By Bahamut's platinum scales, I'm still here!  Heskrash growls.  Somehow, speaking the oath in dwarven seems to lessen its power.


----------



## Atanatotatos (Feb 9, 2009)

Still here in this gloomy place...? sighs Belleros.


----------



## Shayuri (Feb 9, 2009)

"I'm doing science, and I'm still alive," Mask asserts cheerily.


----------



## nerdytenor (Feb 9, 2009)

Krik grunts grumpily, a slight frown on his face.


----------



## Sparky (Feb 10, 2009)

Excellent! Post in-coming.


----------



## Sparky (Feb 11, 2009)

I opened recruitment to get a new player or two into the game. I figure this'd be a good time to also let you guys tweak your PCs if you're so inclined (what with new classes and such). Let me know what your plans are, since new folks might also want to know what class composition they're looking at.


----------



## Shayuri (Feb 11, 2009)

*pines for Arcane Power*


----------



## Atanatotatos (Feb 11, 2009)

Yeah maybe with Arcane Power in my greedy hands I might change my mind about something too


----------



## renau1g (Feb 11, 2009)

So it seems you're in lead of a fearless leader to carry the torch and light your way? Perhaps I can be of some assistance? If I understand you play 2 PC's? 1 of heroic tier, the other of higher level?


----------



## Sparky (Feb 11, 2009)

Yes, a leader would indeed mechanically round the party out. But don't feel constrained if you want to play something else. Anything at all. This campaign is an exercise in 'yes.' All ideas are welcomed, though, subject to standard DM approval. 

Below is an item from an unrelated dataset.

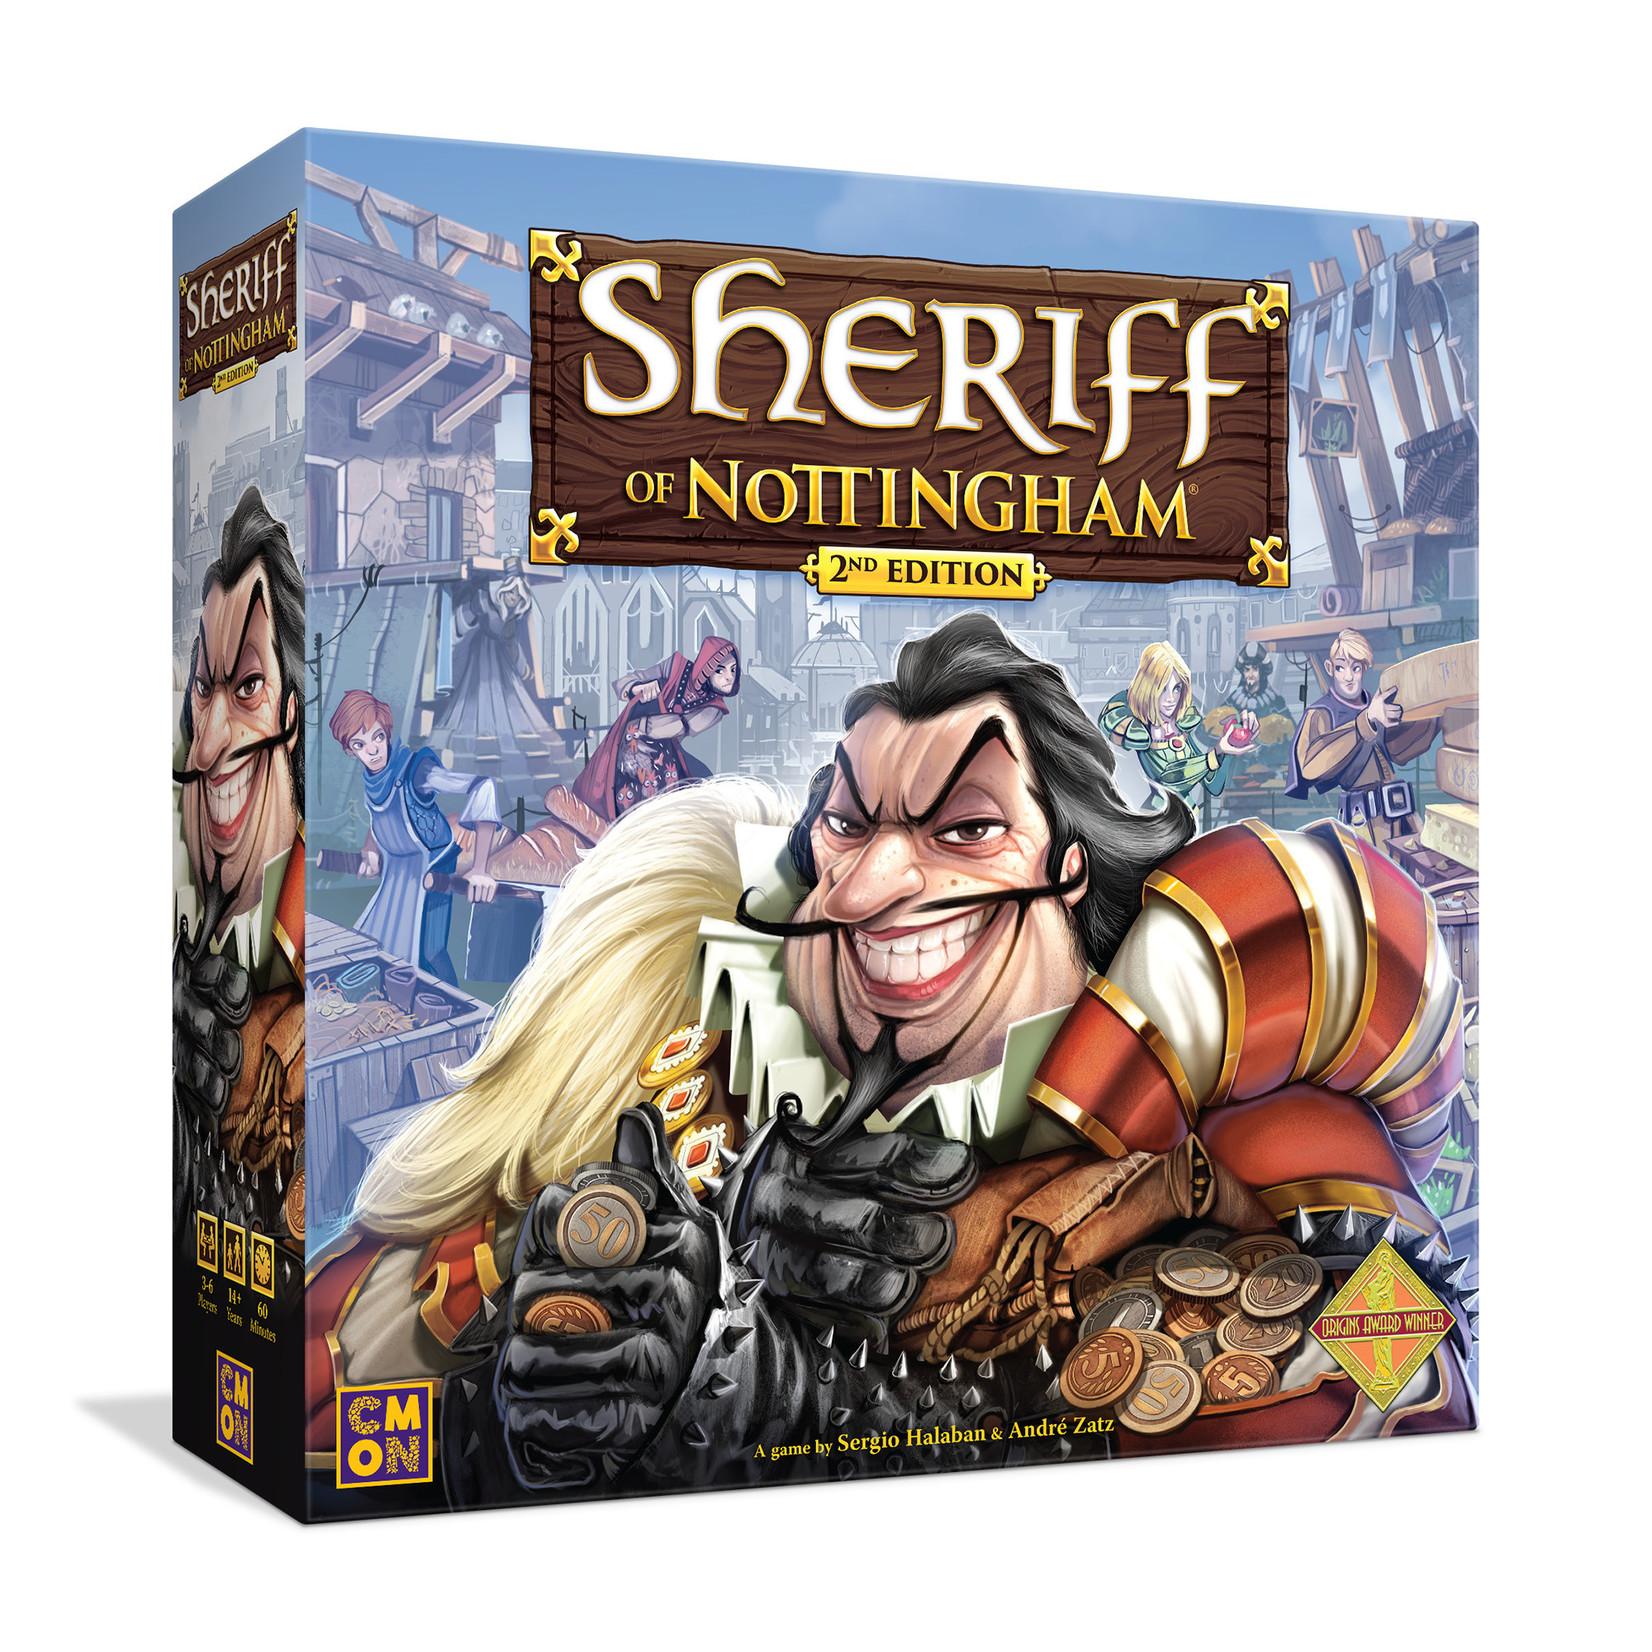 Sheriff of Nottingham 2nd Edition
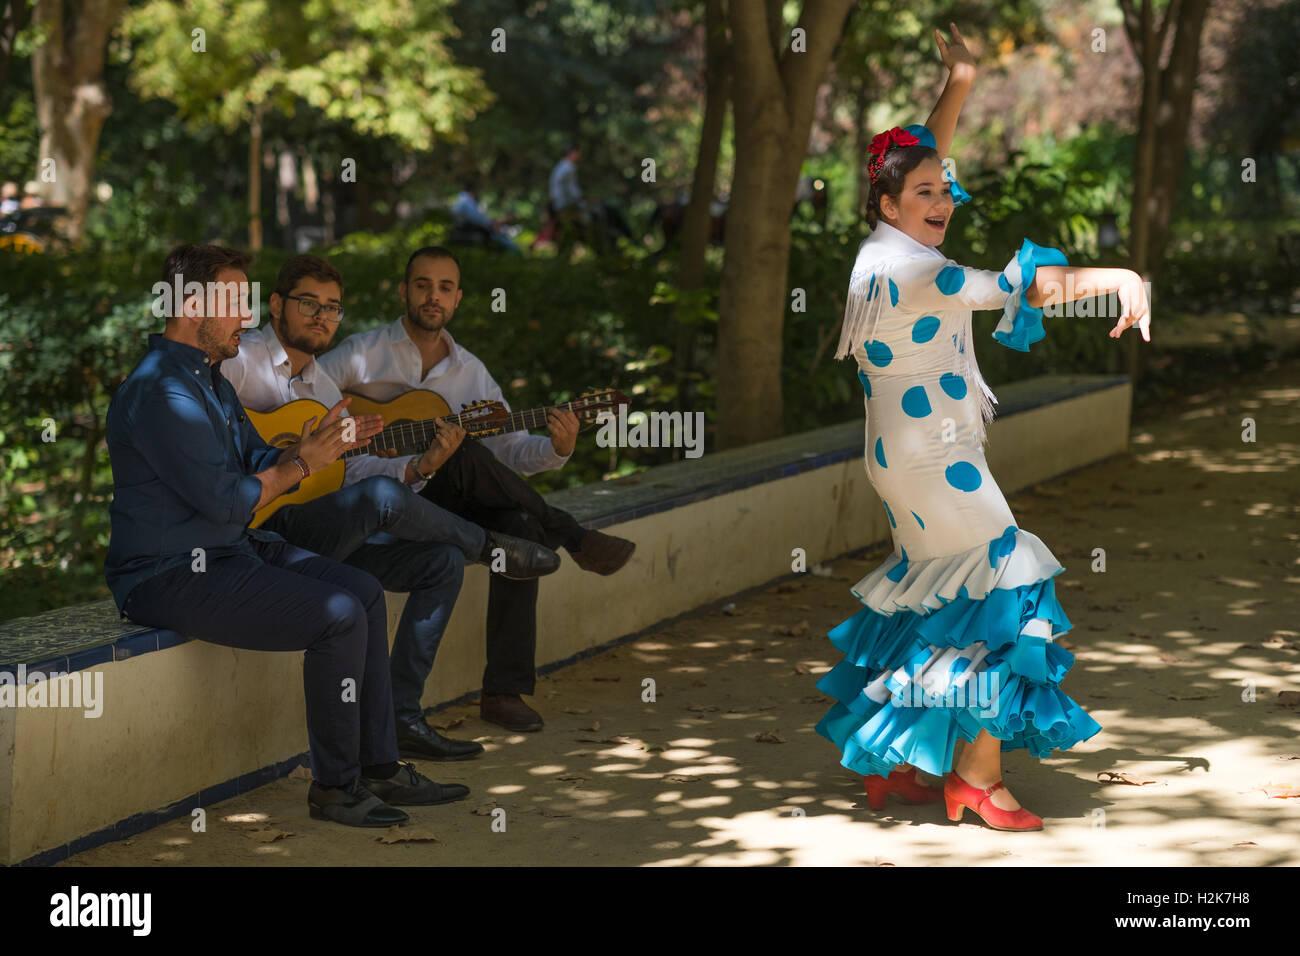 Musicians and flamenco dancer - Stock Image

Also, the Mythic PC is not meant to be played (I highlighted that part of the note now). It is a world-building tool for me that you provide in the form of a statted-PC from the world's mythic past.

Don't forget the campaign concept. You might read a bit at the inspiration/wool-gathering thread.


----------



## renau1g (Feb 11, 2009)

Great! Do you allow Martial Power? I have an idea for a Dragonborn Warlord of Kord, Paragon is Battlelord of Kord, Epic is Demigod.

The goal is to have him as an exarch of Kord by the end.


----------



## Atanatotatos (Feb 11, 2009)

Welcome in rena! Though it had come to a stop for a while this is a great game and i'm sure you'll enjoy it too!


----------



## renau1g (Feb 11, 2009)

I've been hoping to play a warlord for a while and think my semi-beserker reckless DB might fit well. He'd be from the Dragh clan (as he's no follower of Bahamut). 

Can the two PC's supposed to be related at all? As I see my PC trying to follow in his idols/hero's footsteps.


----------



## Sparky (Feb 11, 2009)

Sure, I don't own Martial Power yet, but I have a D&Di subscription, so I should be able to look up anything I need to.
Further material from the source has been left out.